Already on GitHub? Sign in to your account

Websocket #755

Closed
krizhanovsky opened this issue Jun 18, 2017 · 6 comments
Closed

Websocket #755

krizhanovsky opened this issue Jun 18, 2017 · 6 comments

Comments

@krizhanovsky
Copy link
Contributor

krizhanovsky commented Jun 18, 2017

Need to support Websocket (RFCs 6455), both the ws:// and wss:// schemes.

HTTP/1

Parser extensions

  • Upgrade: websocket header RFC 7230 6.7 must be implemented. We support only websocket, so values like h2c or h2c, websocket should be just ignored.
  • Upgrade directive for Connection header. This must be done for requests (HTTP/1 and HTTP/2) and responses. It seems we shouldn't do anything if a server just advertises Upgrade w/o preceding client Upgrade request.

Since Upgrade and Connection is a hop by hop header, if we ignore their values, then a backend receives a request w/o the headers.

If all the headers are good and we can upgrade to websocket, then a new websocket flag for the request must be set and tfw_h1_adjust_req() must regenerate the headers. Note that Sec-WebSocket-* headers aren't hop-by-hop and shouldn't be stripped.

All the extensions must be tested for HTTP/1 in test_http_parser.c

Scheme parsing

Req_Uri state at the moment handles only http:// scheme, which must be fixed to allow https:// and extend with the new ws:// and wss://. Since we'll need to match 4 strings, it makes sense to introduce new states with switch on prefixes (see as headers parsing is done). It seems that browsers never (or almost) never send full URLs, so the states should be cold and unlikely.

HTTP/2

Websockets for HTTP/2 are described in 8441 and we have a very special case of proxying HTTP/2 CONNECT to HTTP/1 websocket.

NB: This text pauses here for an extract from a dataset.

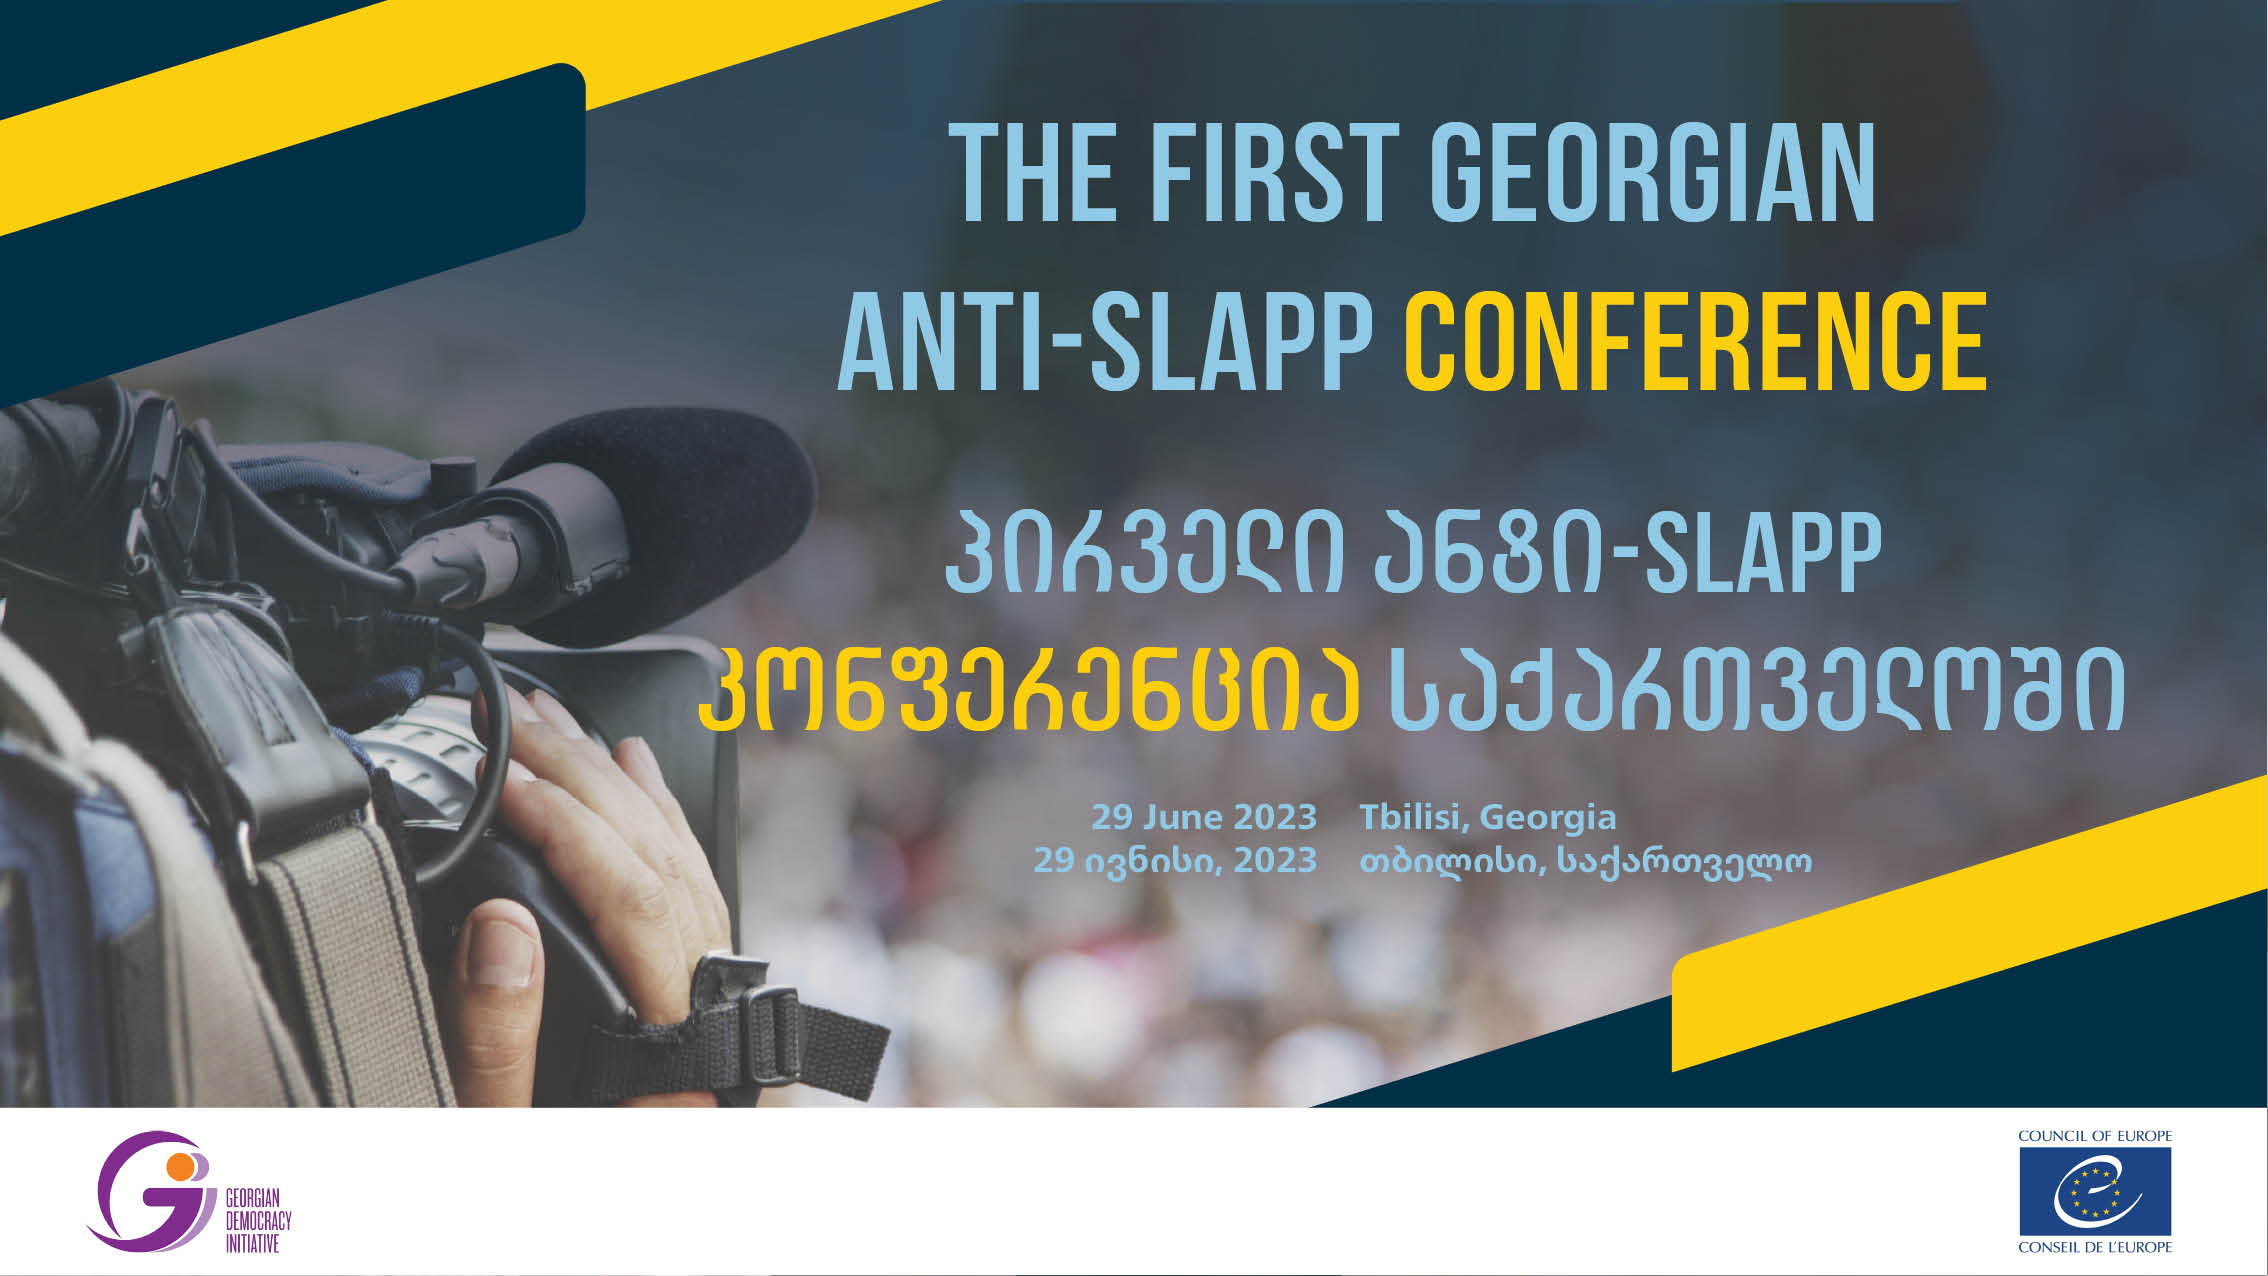 თბილისში პირველი ანტიSLAPP კონფერენცია გაიმართება

Nginx just proxies CONNECT method. I don't understand how reliable websockets in these setups, but there are issues in the Internet with websockets over HTTP/2 proxying by Nginx, e.g. RocketChat/Rocket.Chat#15028 . The problem is that RFC 8441 does not require an HTTP/2 client to set Sec-WebSocket-Key header, but maybe the most implementations actually do set the header.

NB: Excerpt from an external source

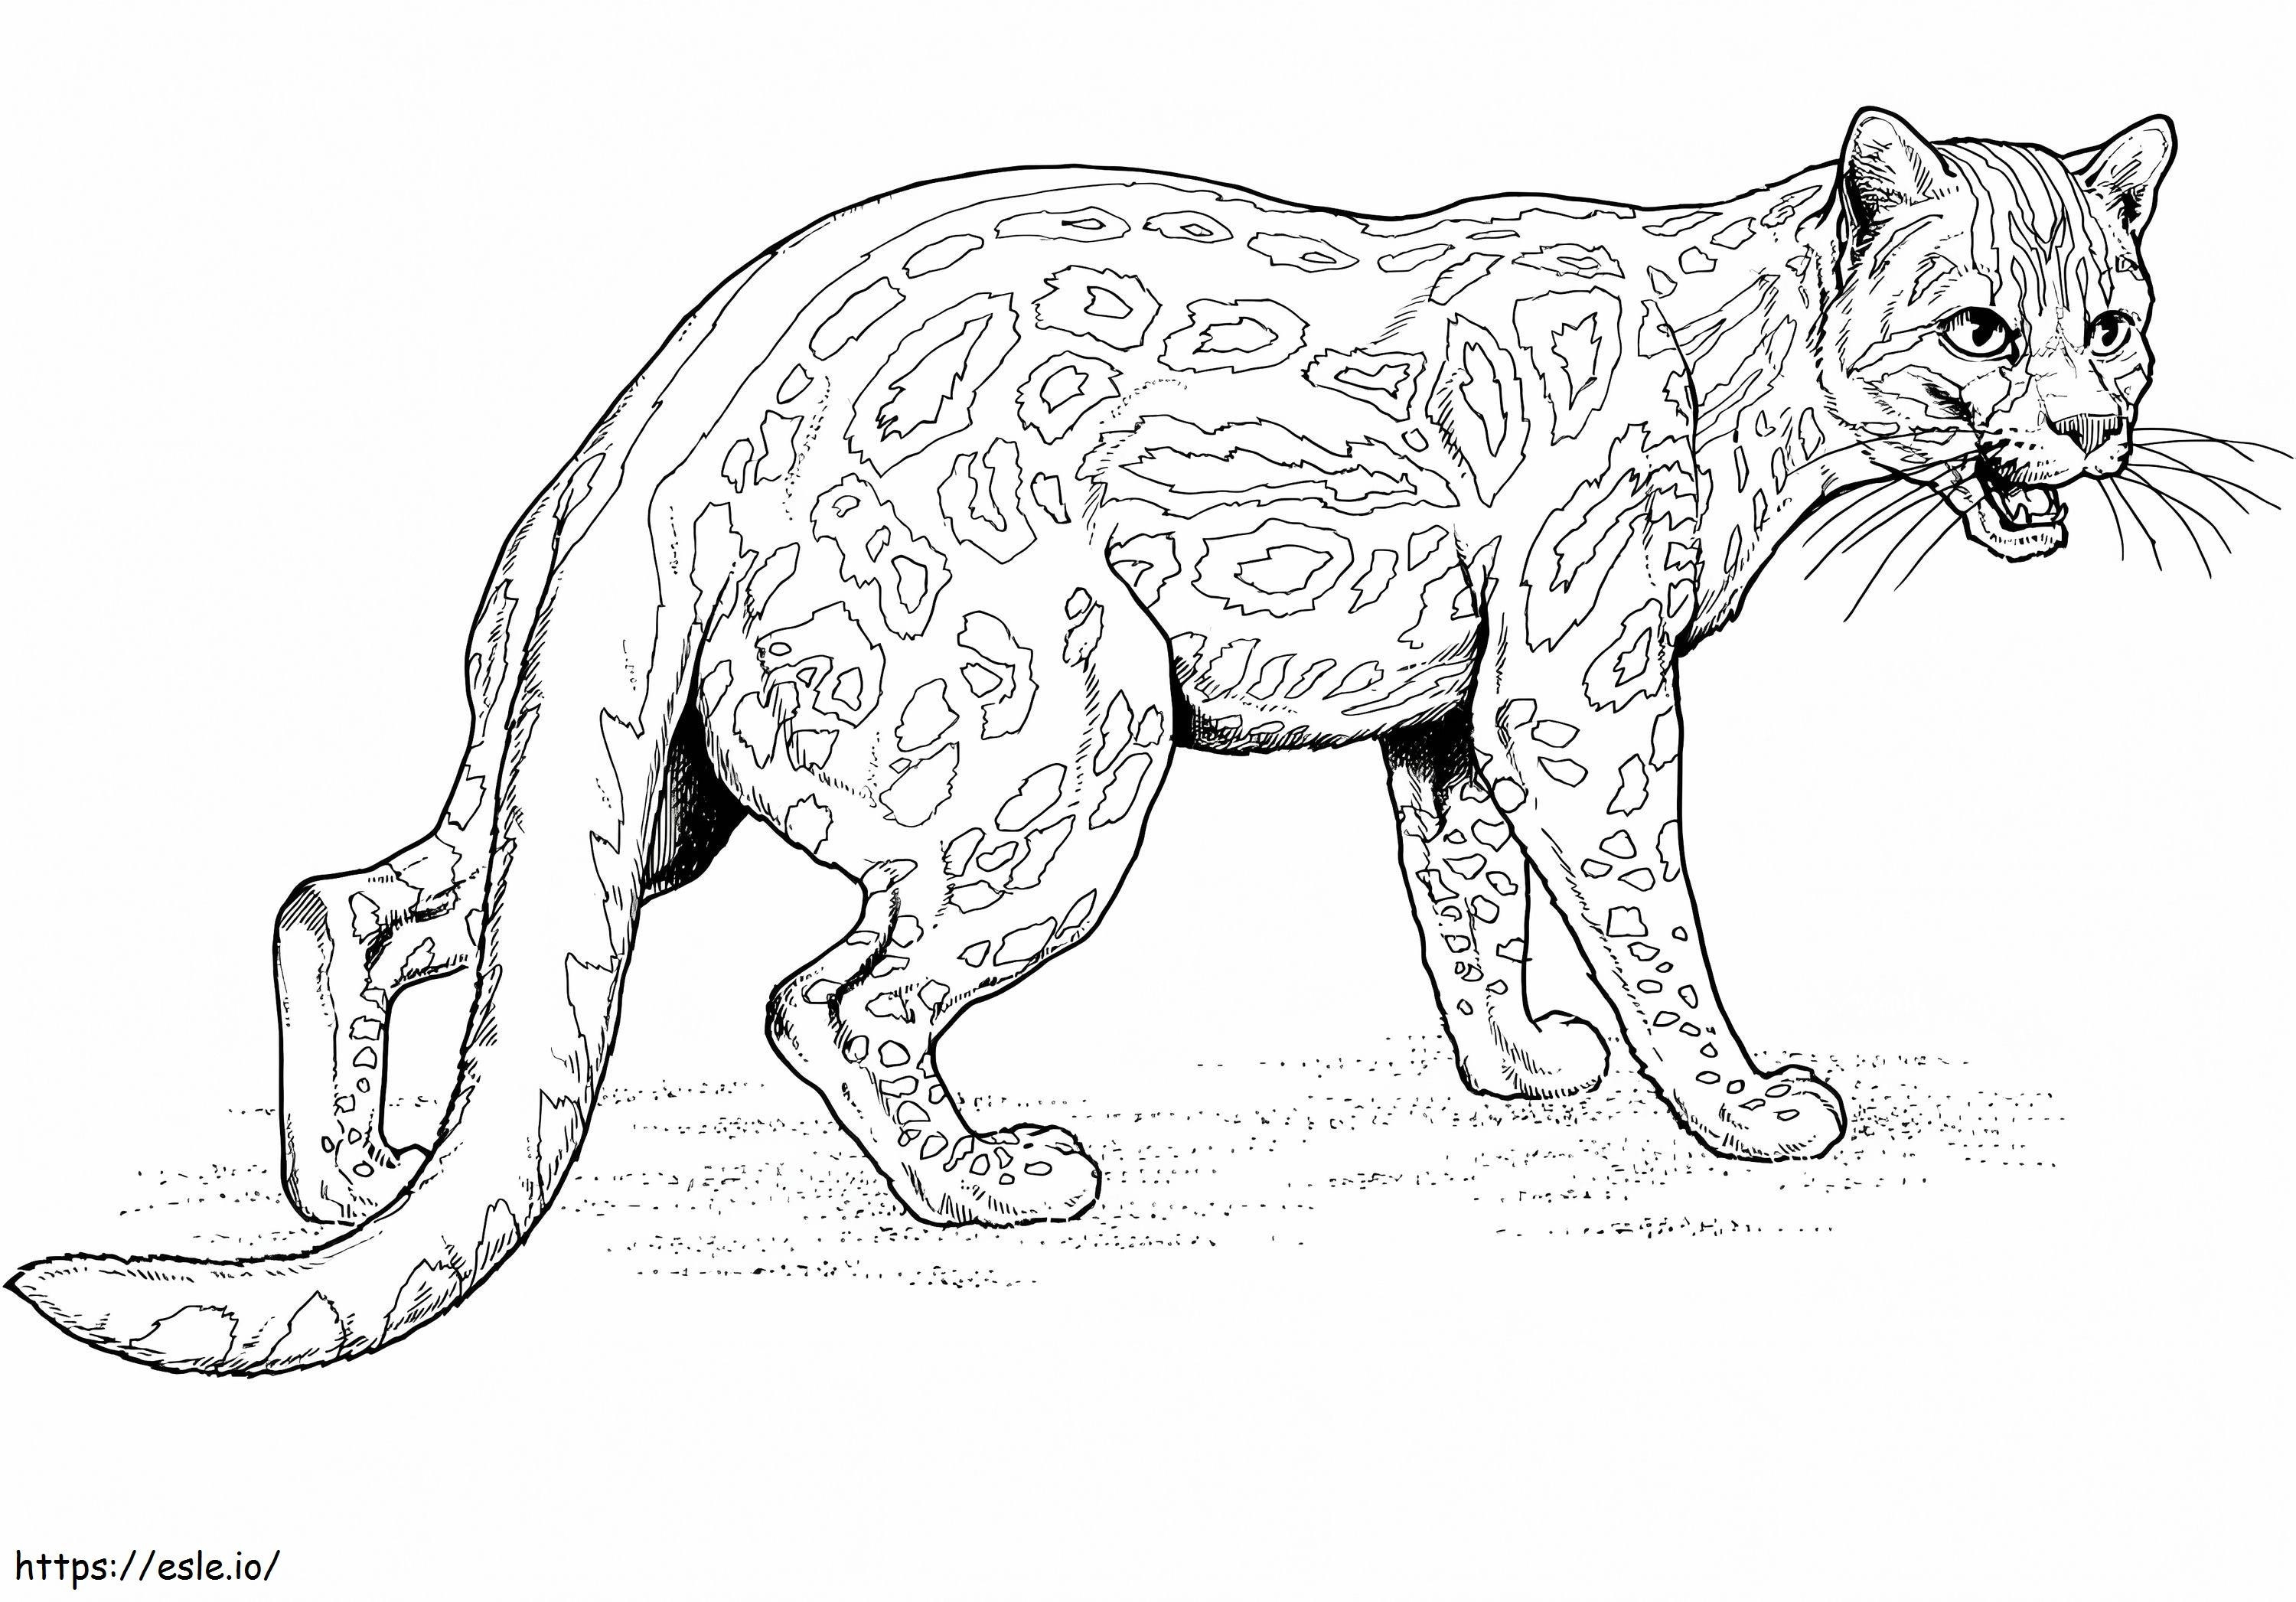 Gattopardo arrabbiato da colorare

HAproxy implements the header computation for this case (see h1_search_websocket_key()). I believe we also should generate the header from tfw_h2_adjust_req() plus to generation of Upgrade and Connection headers as in tfw_h1_adjust_req().

Parser extensions

  1. send SETTINGS_ENABLE_CONNECT_PROTOCOL to a client
  2. CONNECT method in the h2 request parser. The parser must take care about restrictions described in RFC 7540 8.3: the ":scheme" and ":path" pseudo-header fields MUST be omitted and the ":authority" pseudo-header field contains the host and port to connect to.
  3. parse :protocol pseudo header and allow websocket value only. It's not in the HPACK static table, but it seems we need to support it for the dynamic table compression from the client side
  4. Extend the Req_HdrPsSchemeV state with http scheme for ws

Please add the h2 tests to t/unit/test_http_parser.c.

Backend connections

WebSockets must use separate TCP backend connection (i.e. a connection shall not be used to send send websocket frames from other client and/or HTTP messages from the same or other client). The same backend connection can be upgraded to websocket, meaning that a new TCP connection must be established (provisioned) with the backend to satisfy upcoming HTTP client requests. In this sense the issue depends/linked with #710 (dynamic server connections).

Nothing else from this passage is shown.